Outfit | Spotted Moth

Hey guys! It's been quite a while since I've posted an outfit/personal style post here. Things have been quite hectic and on the days that I have off from work and/or school, I usually spend with friends or relaxing with my boyfriend. Because of that, I haven't really had the energy and time to contribute to shooting outfits for the blog, which sucks because I've had some pretty cute outfits in the past couple of months. I also feel like my style has changed since my last post. While I still tend to go for dresses with a cinched/nipped waist, a full, flare, or pleated skirt; cardigans, and cute blouses, I've also kind of branched out to high waisted shorts (which I had been talking about wanting for months a while back), high waisted pants, sneakers, and crop tops. I feel like my style has become slightly more urban. Working at Crossroads has definitely opened me up to more personal style tastes just because everyone that works there and that I've met through there has such a distinct style. It's so inspiring and has inspired me to branch out of my comfort zone a bit. 

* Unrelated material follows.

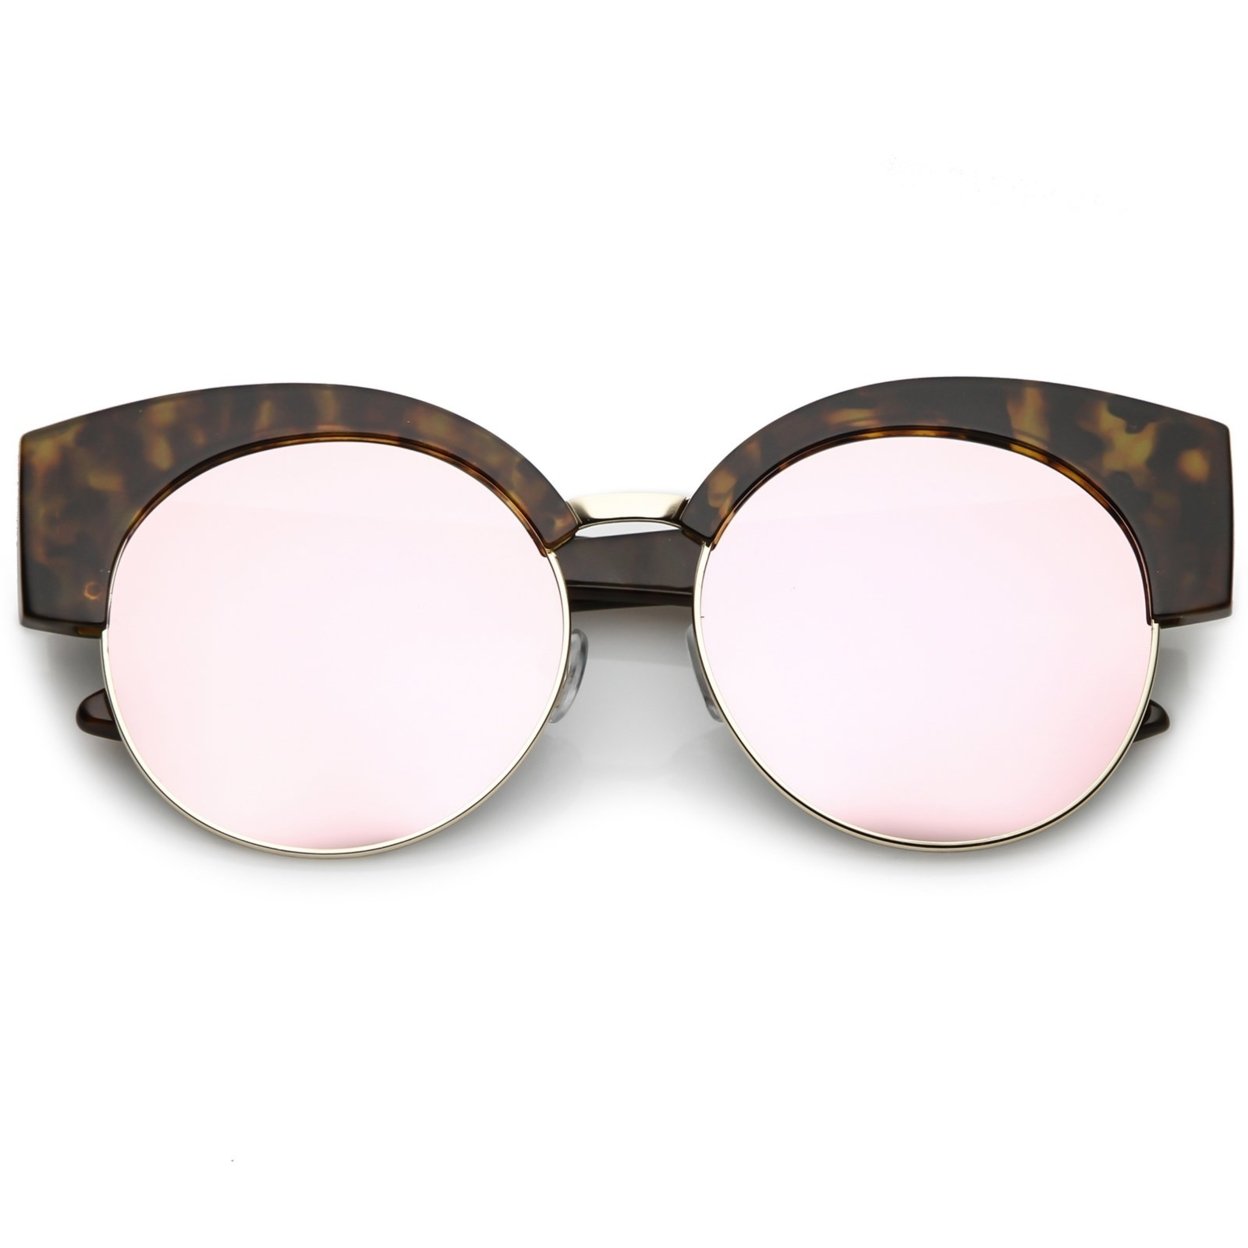 Women's Half Frame Oversize Cat Eye Sunglasses Round Mirrored Flat Lens 59mm - Tortoise Gold / Pink Mirror
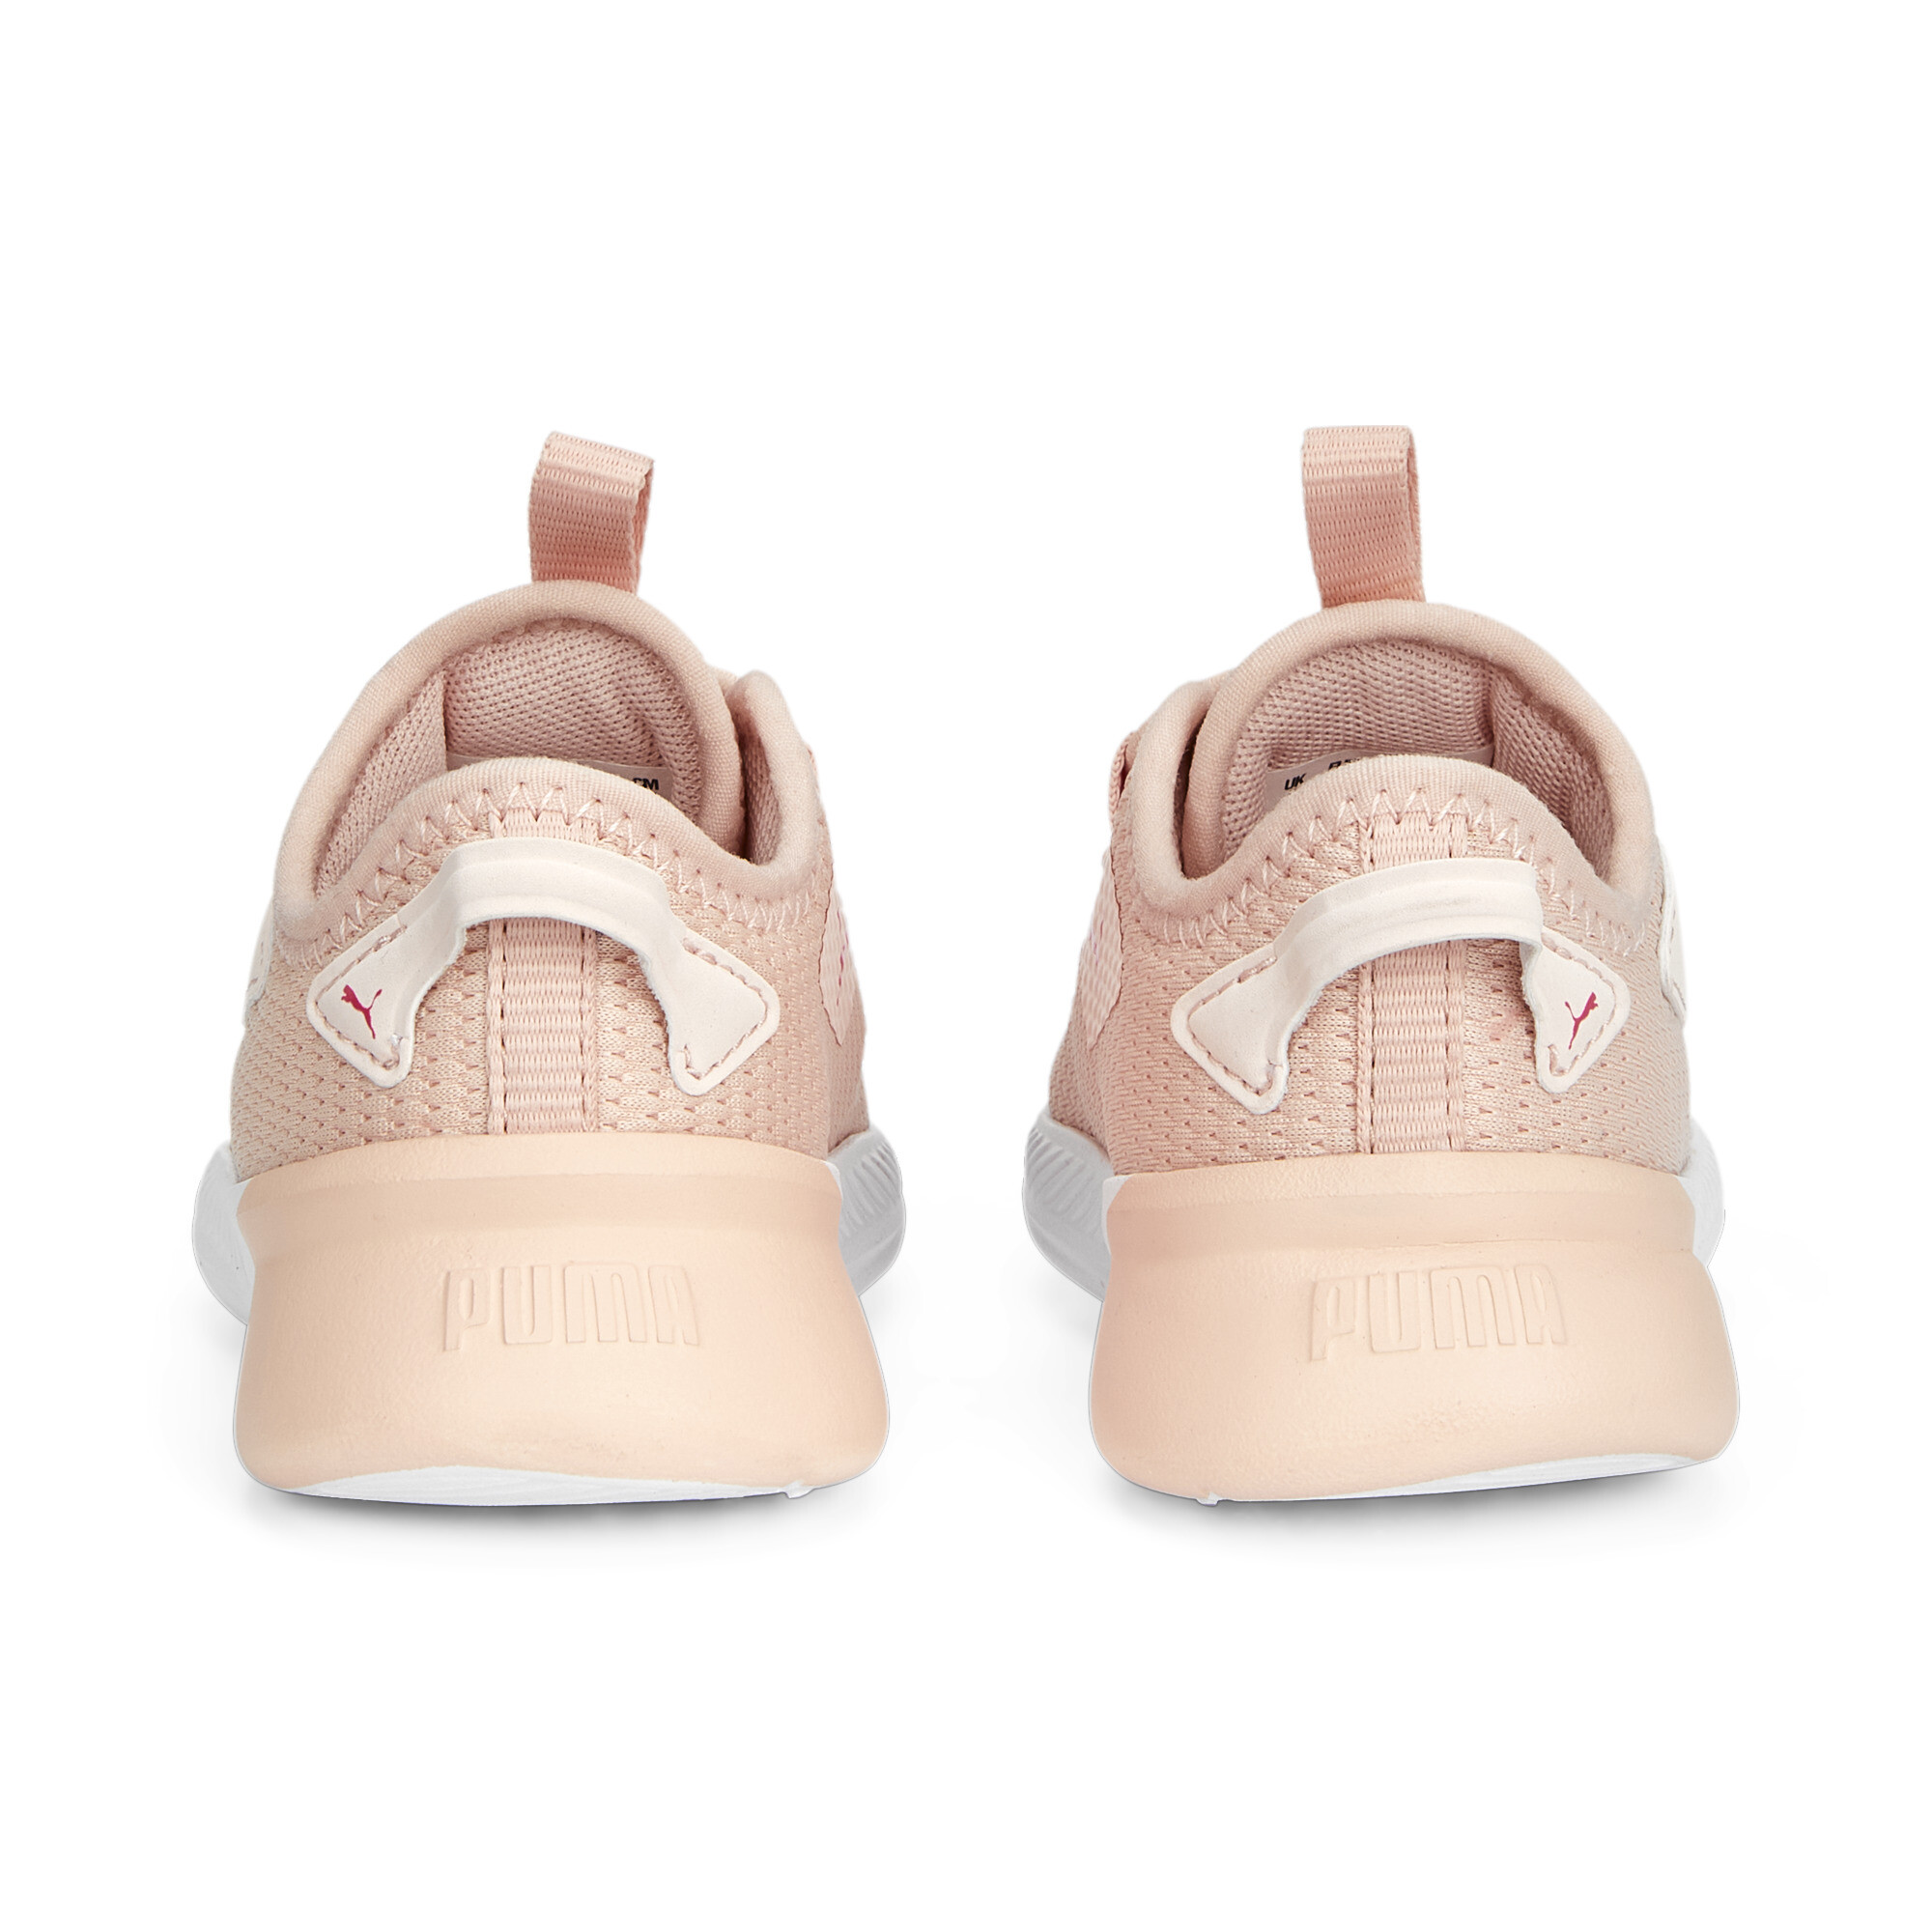 Puma Retaliate 2 AC Sneakers Babies, Pink, Size 20, Shoes

For example, this outfit. I've fallen in love with looser silhouettes. I used to be all about that fitted/nipped waist and fuller skirts, but lately, I've been reaching for babydoll dresses and looser fabrics. When I found this dress at Forever 21 for $13, I waited about a week before purchasing it because I figure that it would show up at my work (Crossroads) but it didn't so I ended up caving and buying it. At this point, the majority of my wardrobe is coming from work. I don't have an issue with that since I'm getting such nice clothes in fairly good condition for a fraction of the original price. Now, it drives me up the wall when I see instagram closet sales and see the sellers pricing items way more than they should and then seeing people paying that price. It's ridiculous. It's almost as ridiculous as the poses I'm doing in today's photos. It's been a while since I've photographed myself and I feel like that rustiness and anxiety comes across in these photos. No big deal. I'm sure I'll get back into the swing of things.
 Outfit Details:
Dress | Forever 21
Socks | Crossroads
Shoes | Crossroads

Also, look at these cute cats that Court and I became attached to while living in Davis the past year. The white one is Kit Kat and I named the black one Panther. They're community cats so everyone in the community feeds and takes care of them. We were told that Kit Kat was originally abandoned by her original owner. Her owner just left her here when she moved! I wish I could take Kit Kat home. She's such a sweetie little kitten. 

Wednesday, June 17, 2015

Review | Too Faced's Melted Liquified Lipstick in "Melted Berry"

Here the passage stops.